• WHAT YOU NEED TO DO: The response must be the exact lines from the one that contains "LED's light schwarz" through the end of the material, with no pictures and no additional lines.

• DATA:
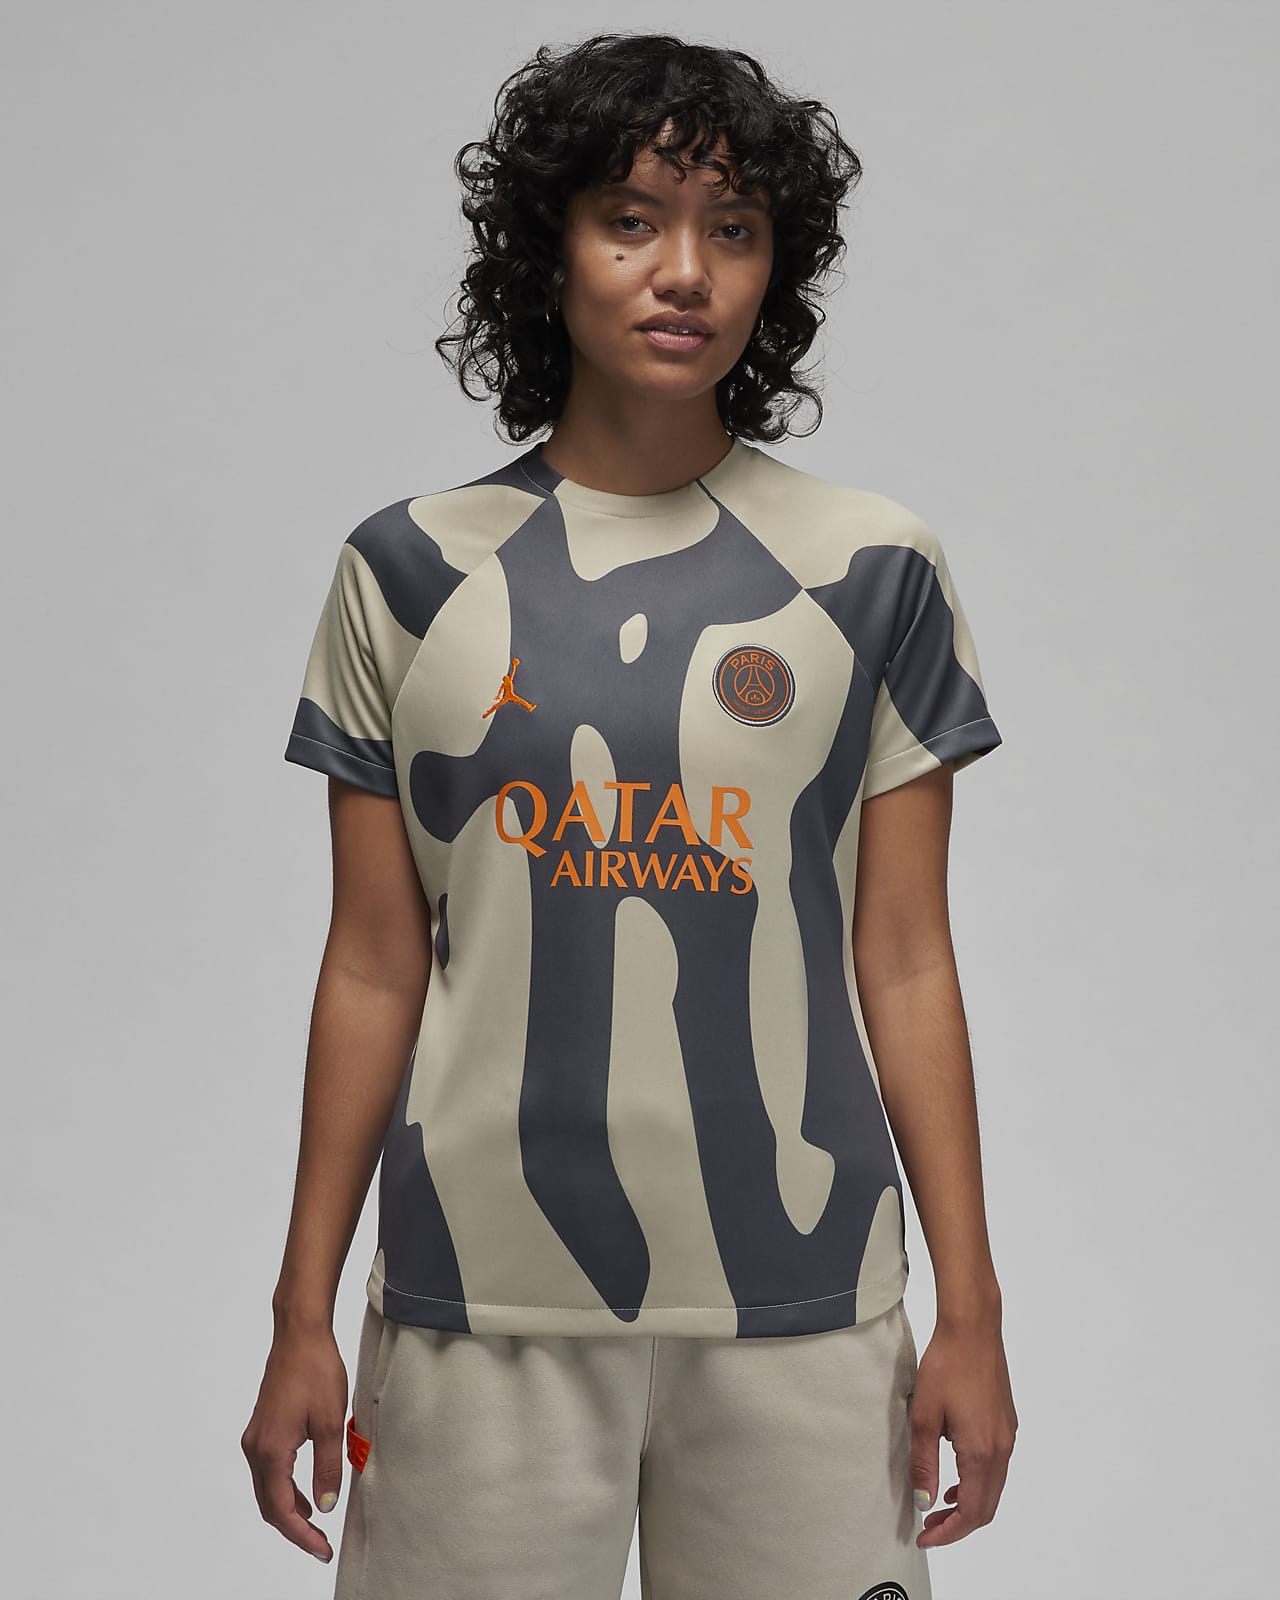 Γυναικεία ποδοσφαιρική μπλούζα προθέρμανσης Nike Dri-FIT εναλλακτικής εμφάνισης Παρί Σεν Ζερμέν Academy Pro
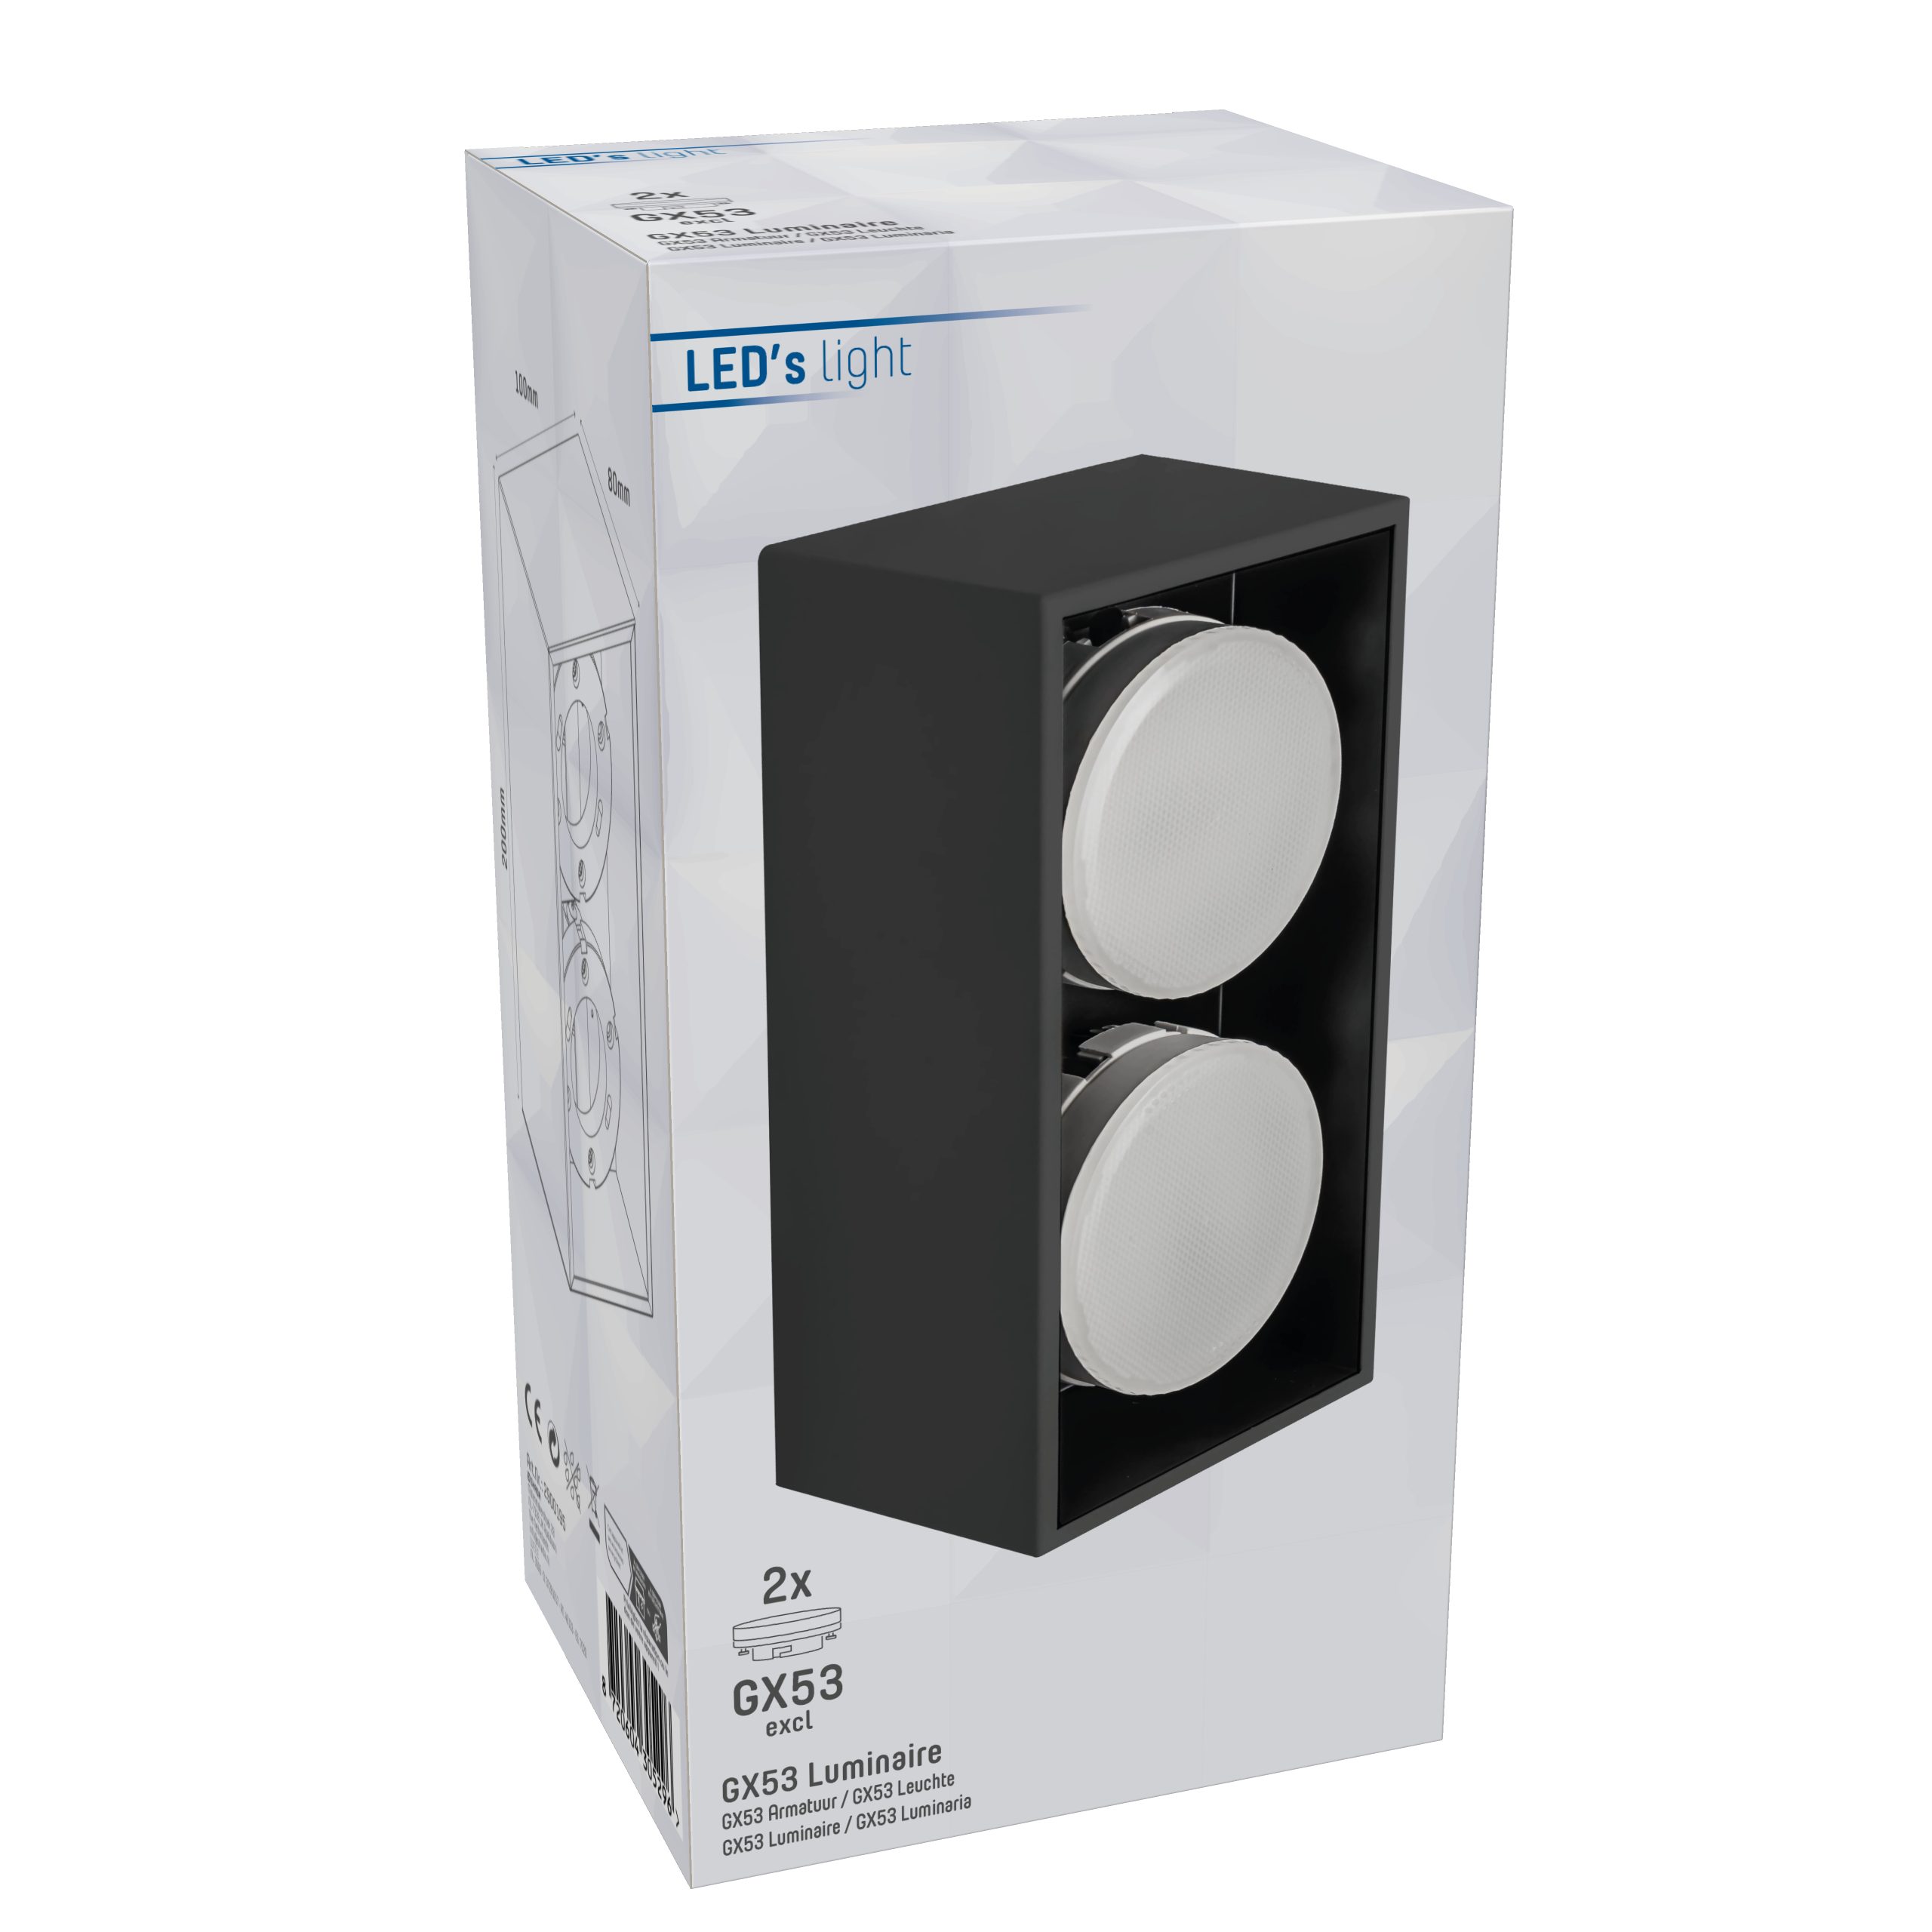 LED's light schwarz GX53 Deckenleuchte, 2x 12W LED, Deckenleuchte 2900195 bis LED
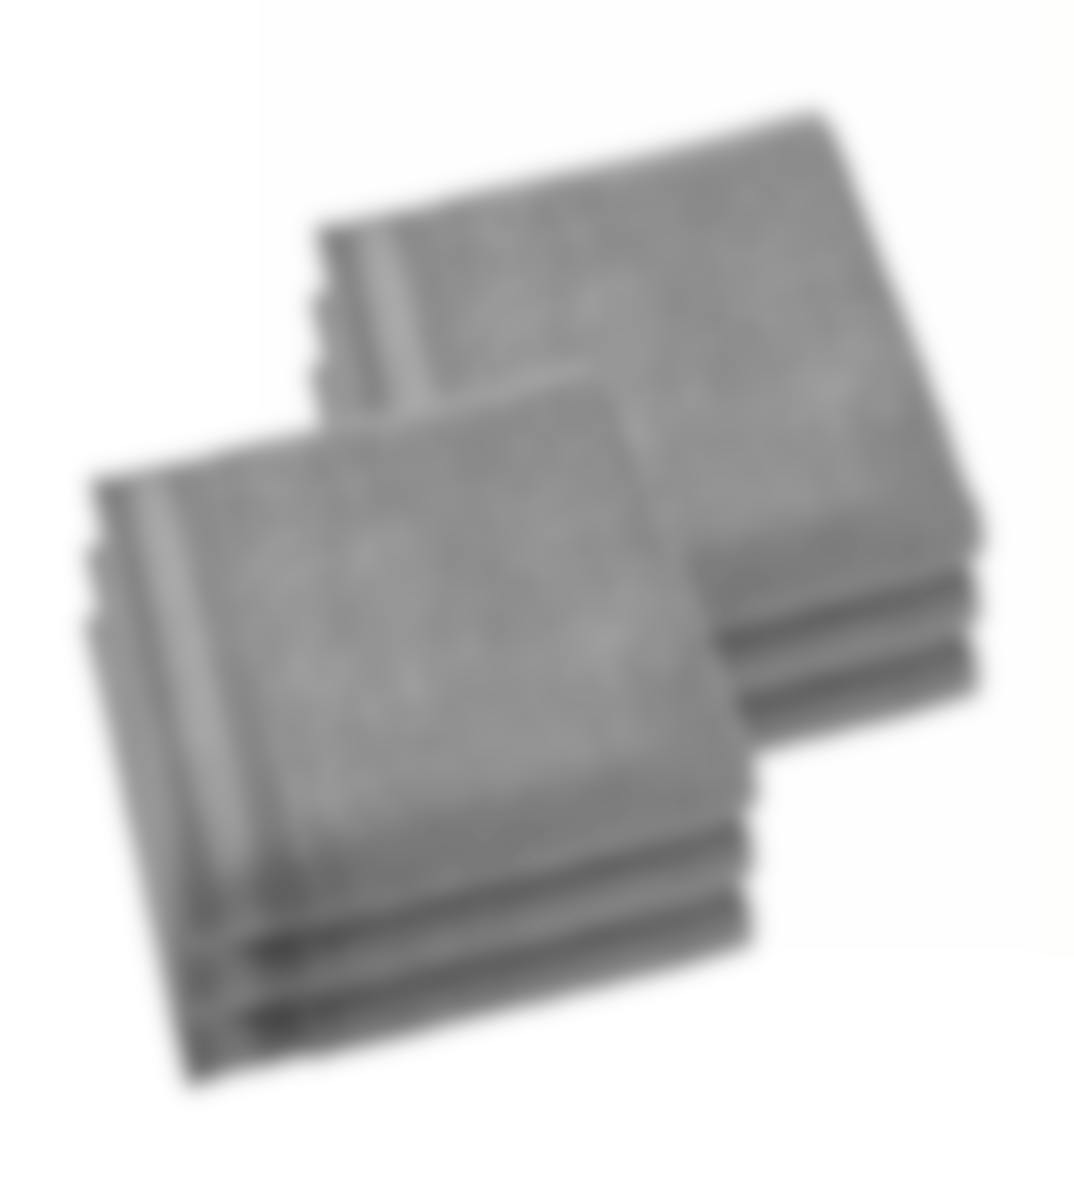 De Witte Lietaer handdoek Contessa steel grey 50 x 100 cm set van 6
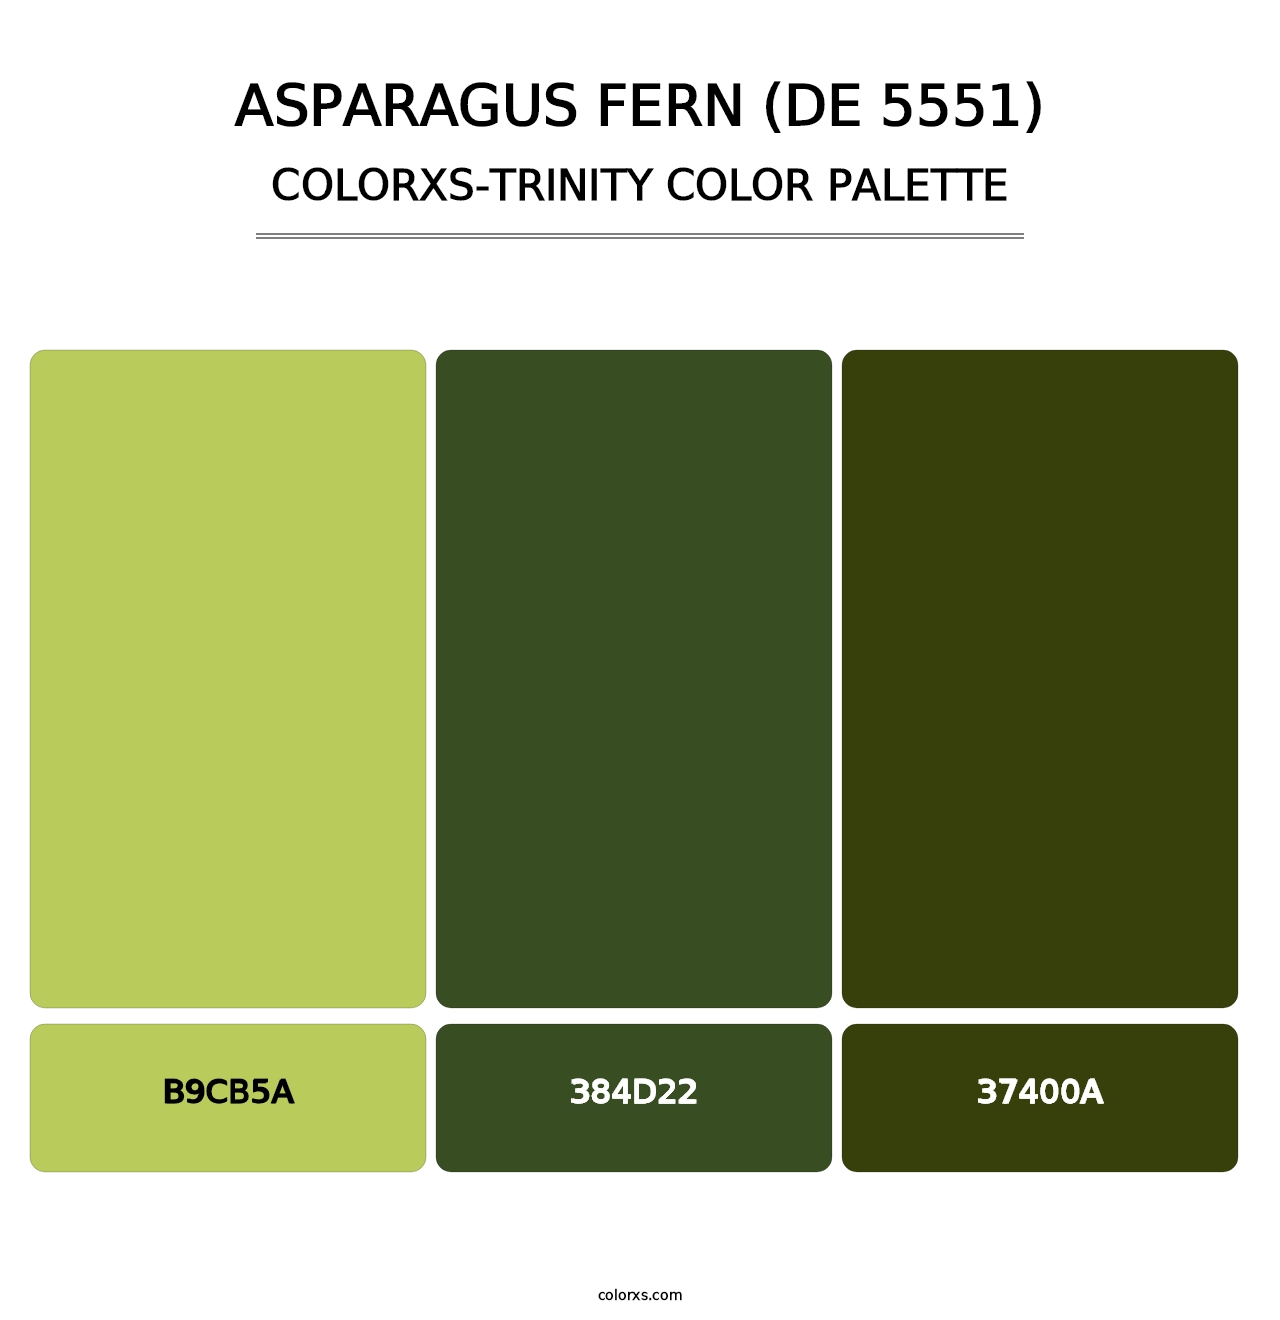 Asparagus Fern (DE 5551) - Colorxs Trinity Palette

• EXERCISE ANSWER:
 LED's light schwarz GX53 Deckenleuchte, 2x 12W LED, Deckenleuchte 2900195 bis LED
 De Witte Lietaer handdoek Contessa steel grey 50 x 100 cm set van 6
 Asparagus Fern (DE 5551) - Colorxs Trinity Palette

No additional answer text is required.